La crisis no solo será económica sino también de sistema y, por tanto, habrá de plantearse, seriamente cómo abordarla y sobre qué criterios, sectores y necesidades productivas hacerlo. La tantas veces alabada globalización ha venido a colapsar, al menos en la forma y dirección en que la entendíamos hasta ahora —modelo norteamericano de globalización— y, por tanto, muchas de las actividades que de ella dependían o que a través de ella generaban ingentes beneficios habrán desaparecido y ello nos obliga a pensar, pensar y repensar cómo hemos de hacerlo, como sociedad, para superar una prueba para la que, sin duda, no estábamos preparados.

La crisis sanitaria está instalando una suerte de suspicacia general hacia los prójimos, lo que, qué duda cabe, cambiará nuestra forma de interrelacionarnos y la forma en que abordaremos, entre otras cosas, hasta nuestro ocio

No solo cambiará la economía, también lo harán los usos y costumbres. La crisis sanitaria está instalando una suerte de suspicacia general hacia los prójimos, lo que, qué duda cabe, cambiará nuestra forma de interrelacionarnos y la forma en que abordaremos, entre otras cosas, hasta nuestro ocio.

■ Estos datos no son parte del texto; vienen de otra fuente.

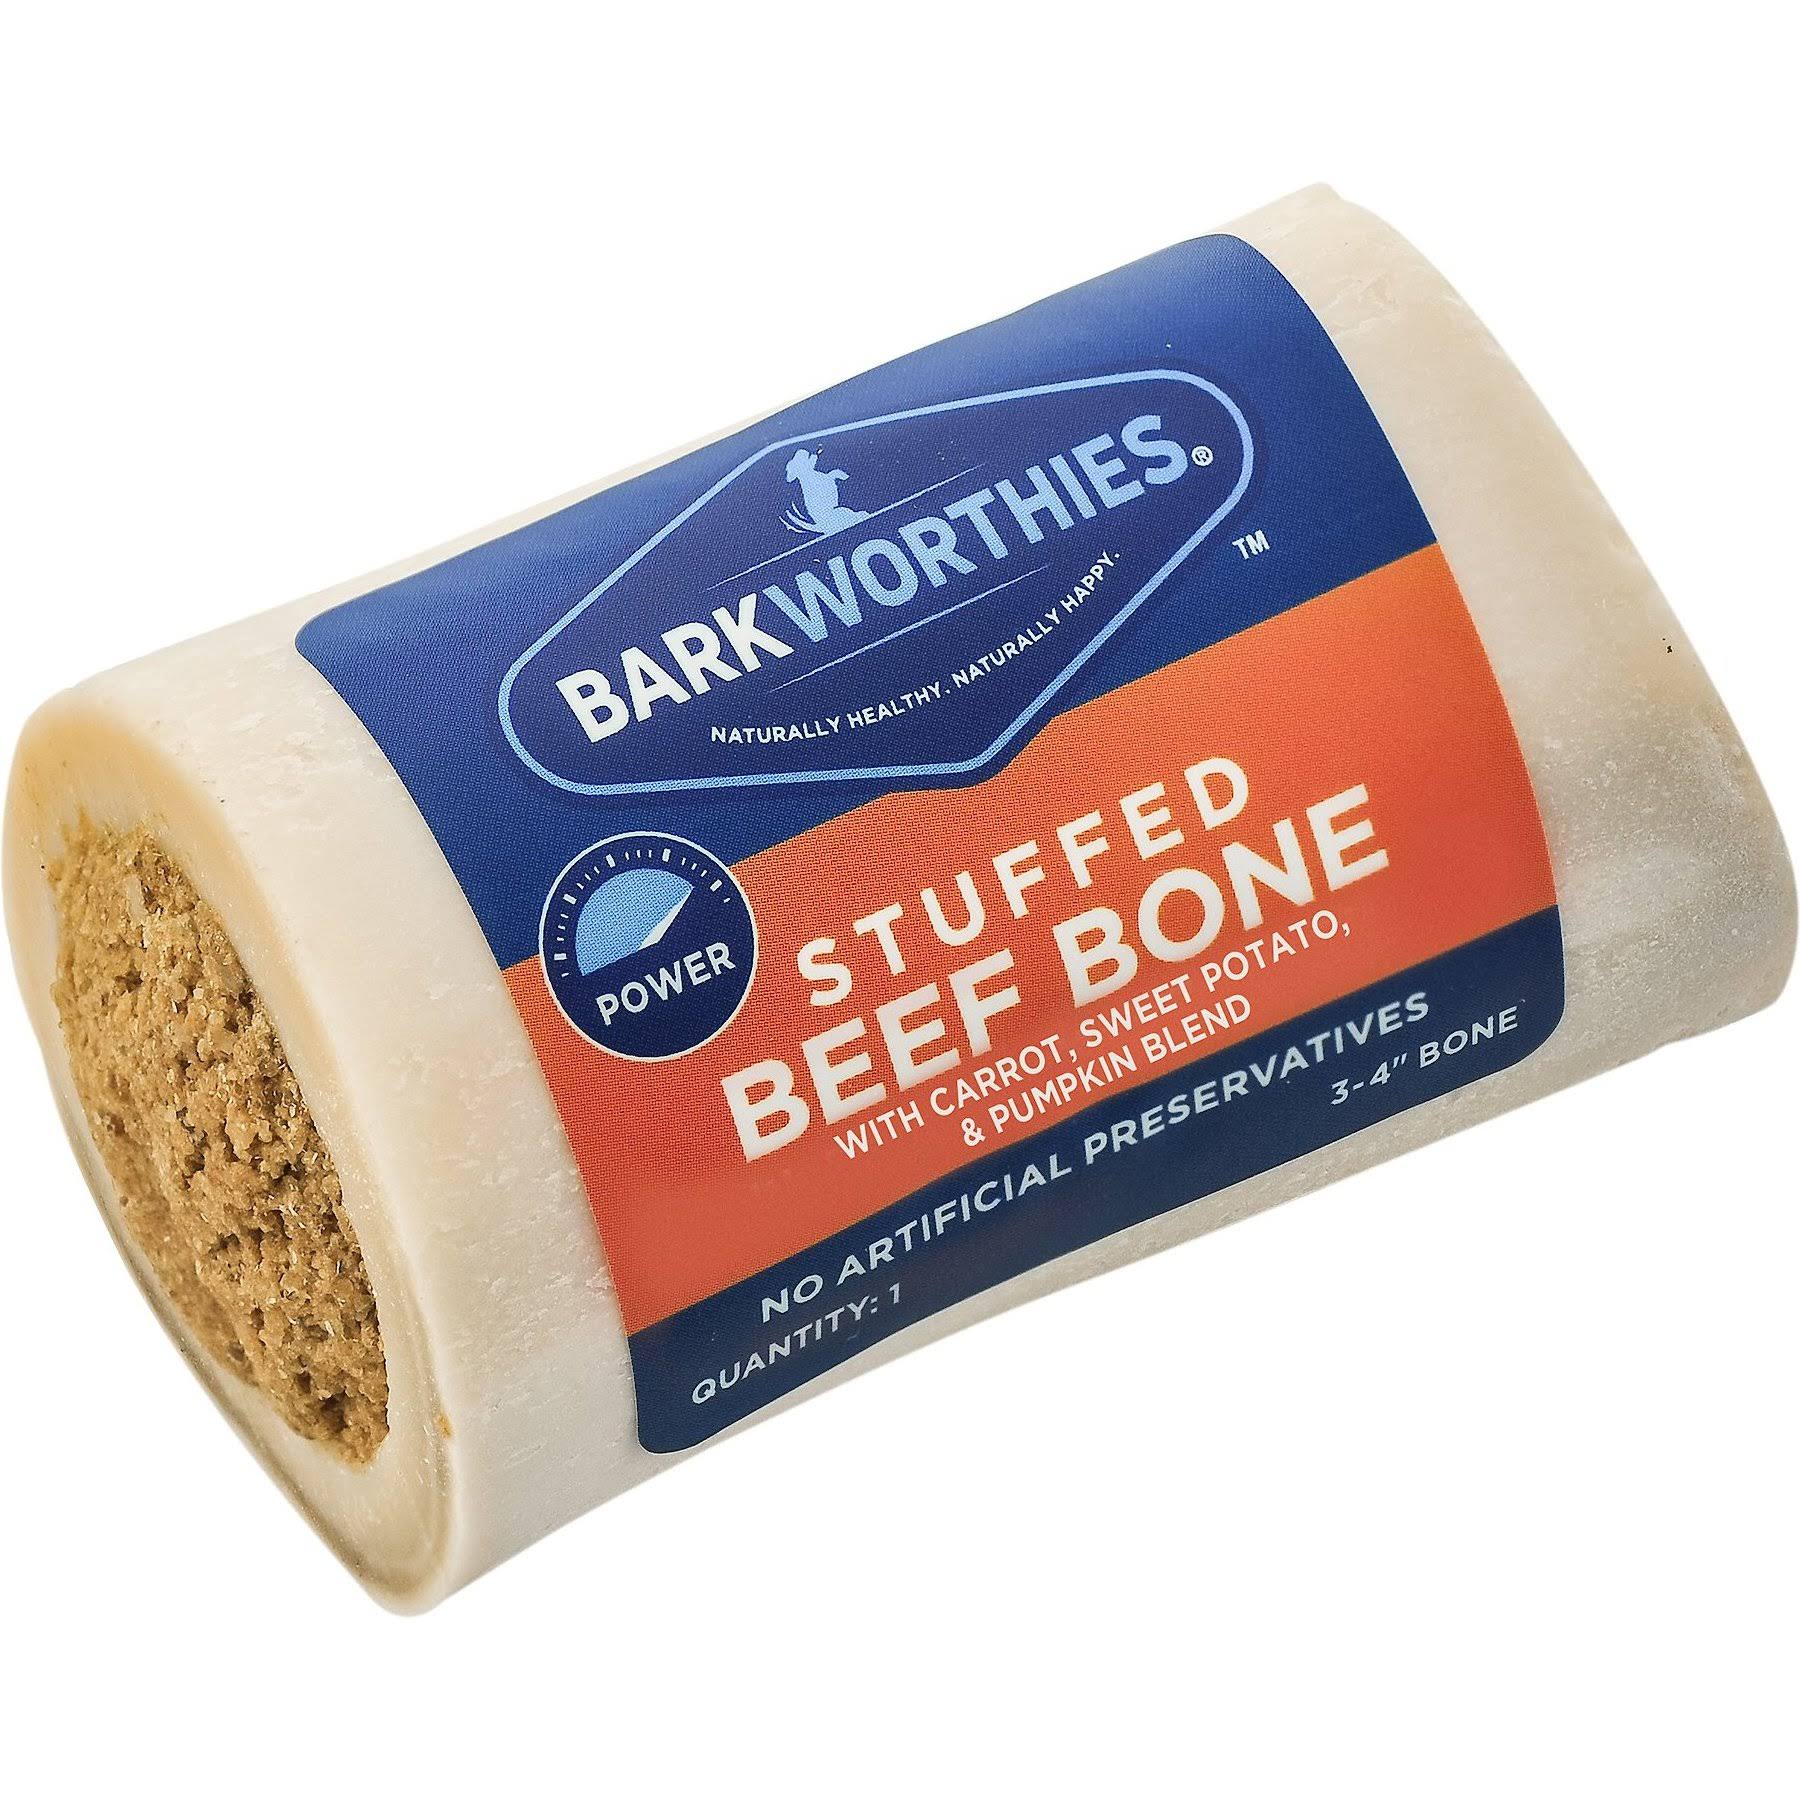 Barkworthies Stuffed Beef Shin Bone Dog Treat - Pumpkin, Sweet Potato, & Carrot - 3-4" Length
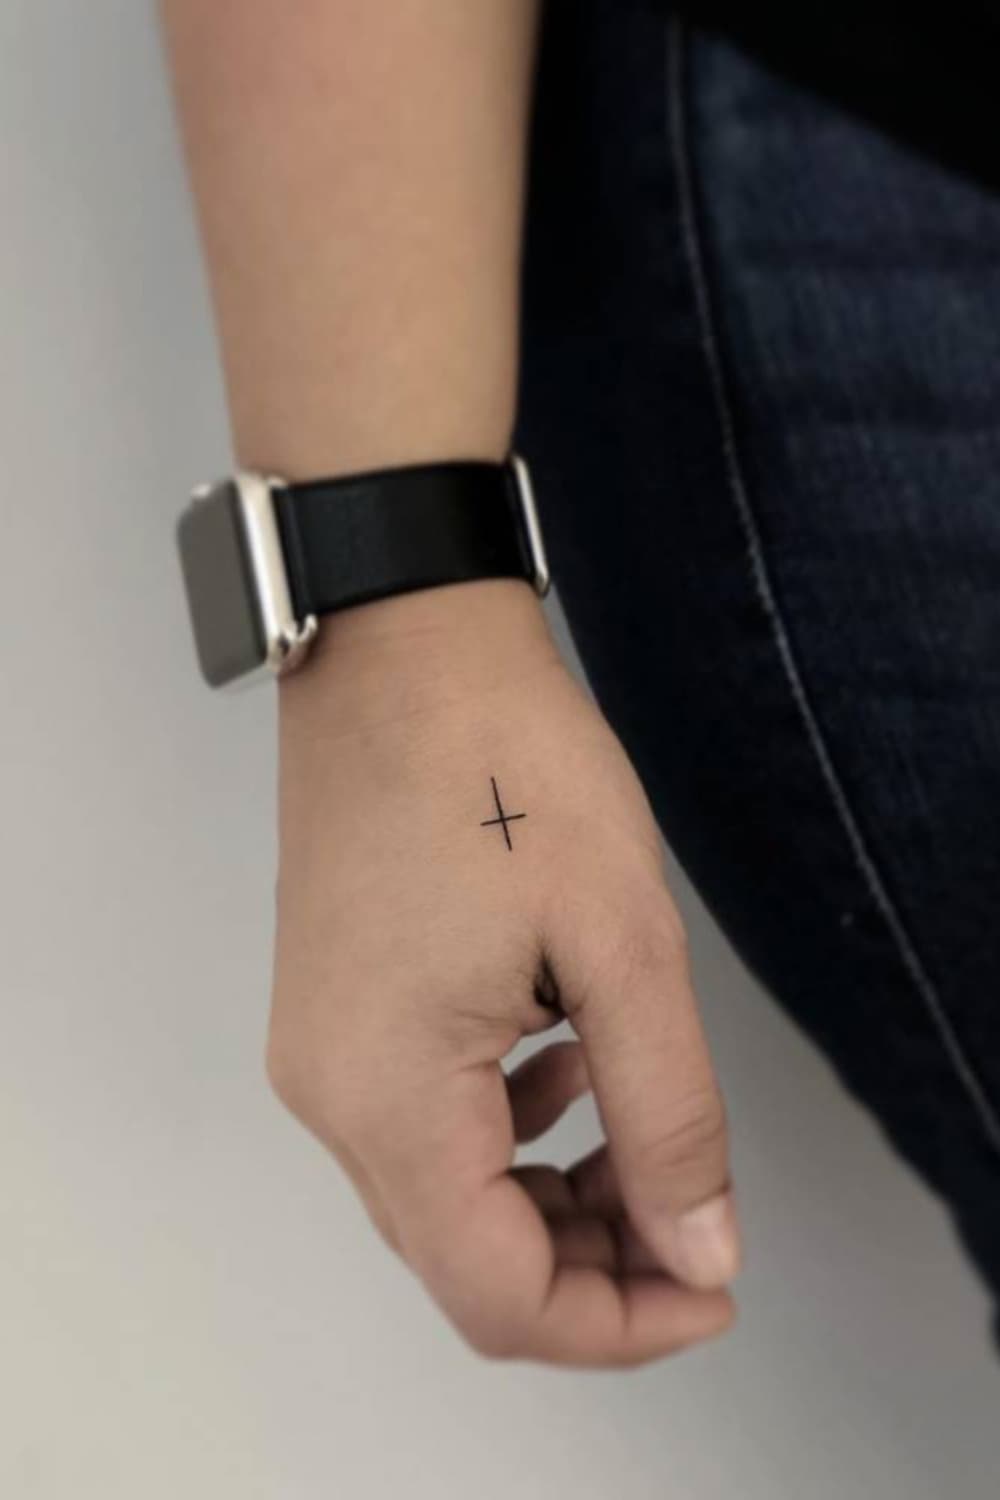 Small Cross Hand Tattoo

Si esto último parece exagerado, invito a analizar cómo nos sentimos en esa salida semanal que hacemos al supermercado, cómo miramos con suspicacia, si no abierta sospecha, a todos cuantos nos rodean y ello por algo tan sencillo como humano: tenemos miedo, miedo a que nos contagien y, ante ello, deberíamos preguntarnos: ¿cuánto tiempo tardaremos en superar ese miedo o desconfianza y cómo cambiarán nuestras costumbres hasta que lo consigamos? Esto, sin duda, generará cambios de costumbres que podrán o no hacerse permanentes, pero que, también, tendrán una repercusión directa en la economía.

Estos son algunos de los problemas con los que nos encontraremos cuando la fase aguda de la pandemia sea superada, pero, no me cabe duda, cuanto antes los tengamos interiorizados, antes podremos pensar en cómo abordarlos para que, de una parte, seamos capaces de impedir que se generen o consoliden algunos de estos problemas y, de otra, estemos preparados para abordar el proceso de reconstrucción.

Vienen curvas y para no marearse es mejor prepararse y, sobre todo, saber que ahora lo que toca, de una parte, es resistirse a los autoritarismos y recortes de libertades y, de otra, trabajar en una respuesta de país que es la única forma en que se logrará salir de esto con el menor daño posible.